Он откинулся в кресле, закрыл глаза и потер ладонью лоб.
— Мы видимся с тобой в последний раз… Пропасть времени, она разделяет вернее, чем остальное… И весь день сегодня какое-то дурное предчувствие… и что-то надо вспомнить… не забыть сказать… Но что же? Ага, вспомнил. Слушай. Тебе бежать надо как можно скорее. Как только управишься с мелочами и сборами, так и уходи. На всякий случай помни: завтра в выставочном зале открывается вернисаж молодых художников. Из моих работ там только одна — точная копия дома на лужайке. Большое полотно — два метра на два с половиной. Протиснешься. Этот путь для тебя, и только для тебя. На всякий случай.
— Лину я не оставлю.
— Быть вдовой ее больше устроит?
— Лину я не оставлю, — повторил Борис Тимофеевич.
— Это меня уже не касается. Я сказал все.
ЗА МИНУВШИЕ СУТКИ В ДОРОЖНЫХ ПРОИСШЕСТВИЯХ ПОГИБЛО… ЧЕЛОВЕК…
Лина горбилась на кухне на чемоданах, смотрела перед собой невидящими глазами и беззвучно плакала.
— Мне страшно, Борис Тимофеевич, — всхлипывала она. — В доме так тихо, будто все умерли. В комнате что-то шуршит, покашливает, и мне страшно.
Борис Тимофеевич встал перед ней на колени и ладонями вытер лицо.
— Ты умеешь принимать роды? — спросила она.
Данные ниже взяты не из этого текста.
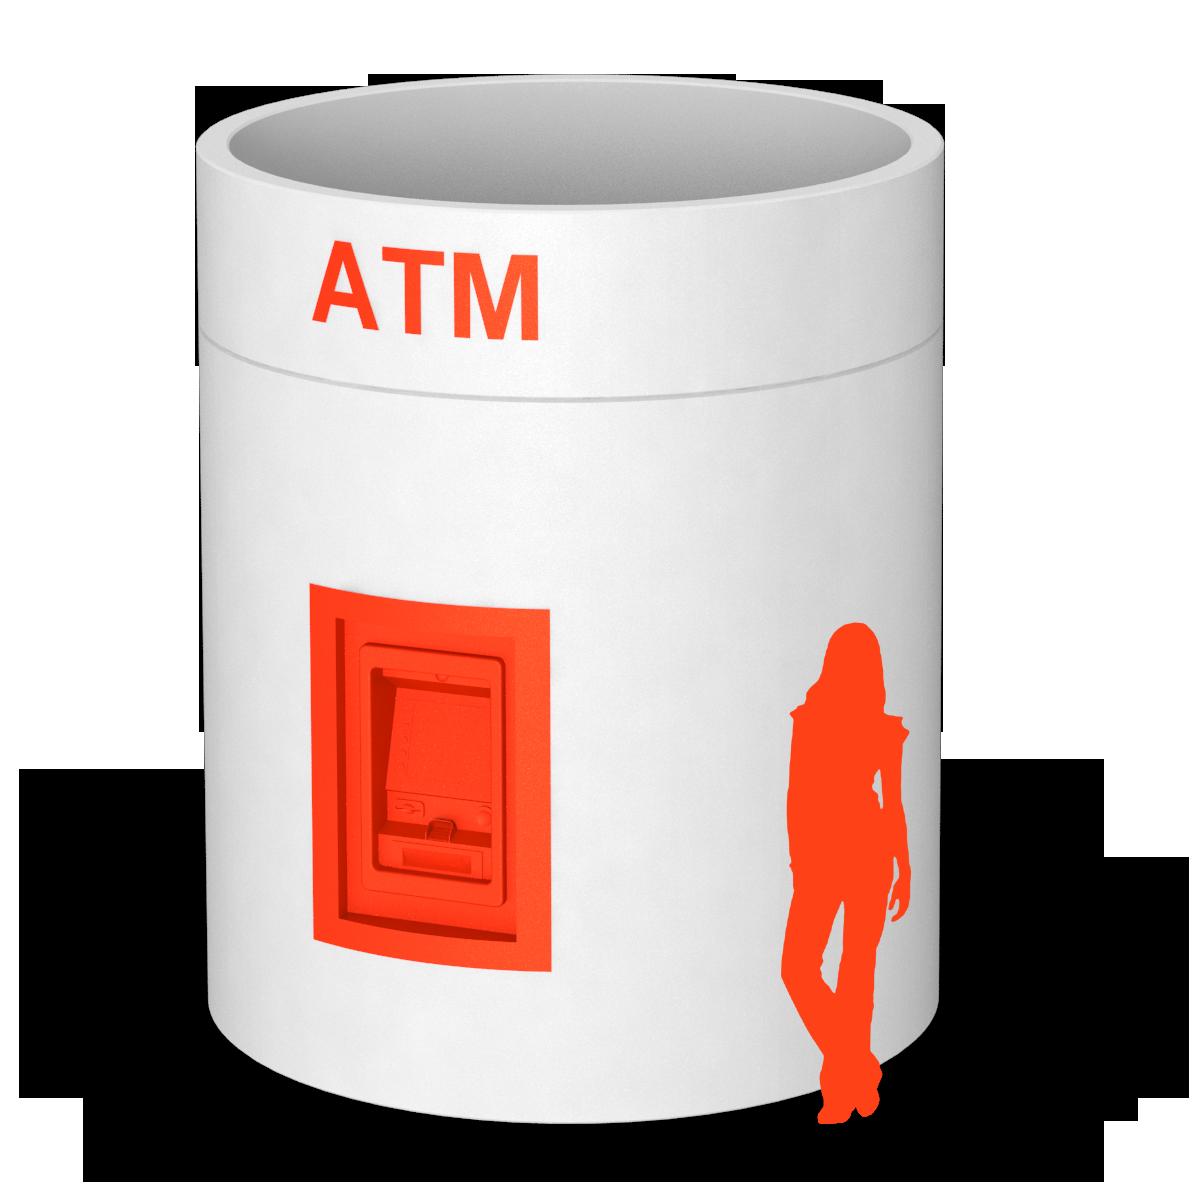 bboxx ATM 1 external ATM

— Не знаю, — развел руками Борис Тимофеевич, — не пробовал, может быть, умею. Я знаю, что пуповину нужно перегрызть зубами, завязать узлом, поднять ребенка за ножки и шлепнуть по заднице, чтоб он закричал и набрал воздуха, потом ребенка надо вымыть, присыпать тальком подмышки и между ножек, запеленать и подсунуть к материнской груди. Очень опасны в этот период сквозняки, всякая простуда и переохлаждение. Правильно?
— Теорию ты знаешь, — сквозь слезы улыбнулась Лина, — а как все это получится? Я ведь тоже никогда не рожала, и мне так страшно, так страшно.
— Глупая ты, глупая, — приговаривал Борис Тимофеевич, гладя ее лицо, — все это делают, все — молодые и зрелые, красивые и дурнушки, храбрые и трусливые, умные и дурочки, и у всех это прекрасно получается. А ты у меня и молодая, и красивая, и храбрая, и умная, и все у тебя получится быстро и легко.
— Ты успокаиваешь, а мне страшно.
— Рассказать, как меня рожали? Мать — царствие ей небесное, добрая была женщина — никак не могла разродиться. То ли перекормила, то ли мышцы были слабы, то ли я сам не спешил на свет появиться, только мать уже теряла последние силы и последнюю надежду. И вот приходит главный врач больницы — огромный армянин с огромной черной гривой на голове, с огромными, черными от волос руками, откидывает простыню, видит синий живот да как закричит: «Ах ты, так твою растак! Держите ее за плечи!» Перекрестился и сел на живот моей матушки. Я вылетел пулей. Еле поймали. Родился — да как заору на армянина. Он даже опешил. «Ты чего, — говорит, — ругаешься? Смотри у меня, а то ведь я могу и обратно затолкать!»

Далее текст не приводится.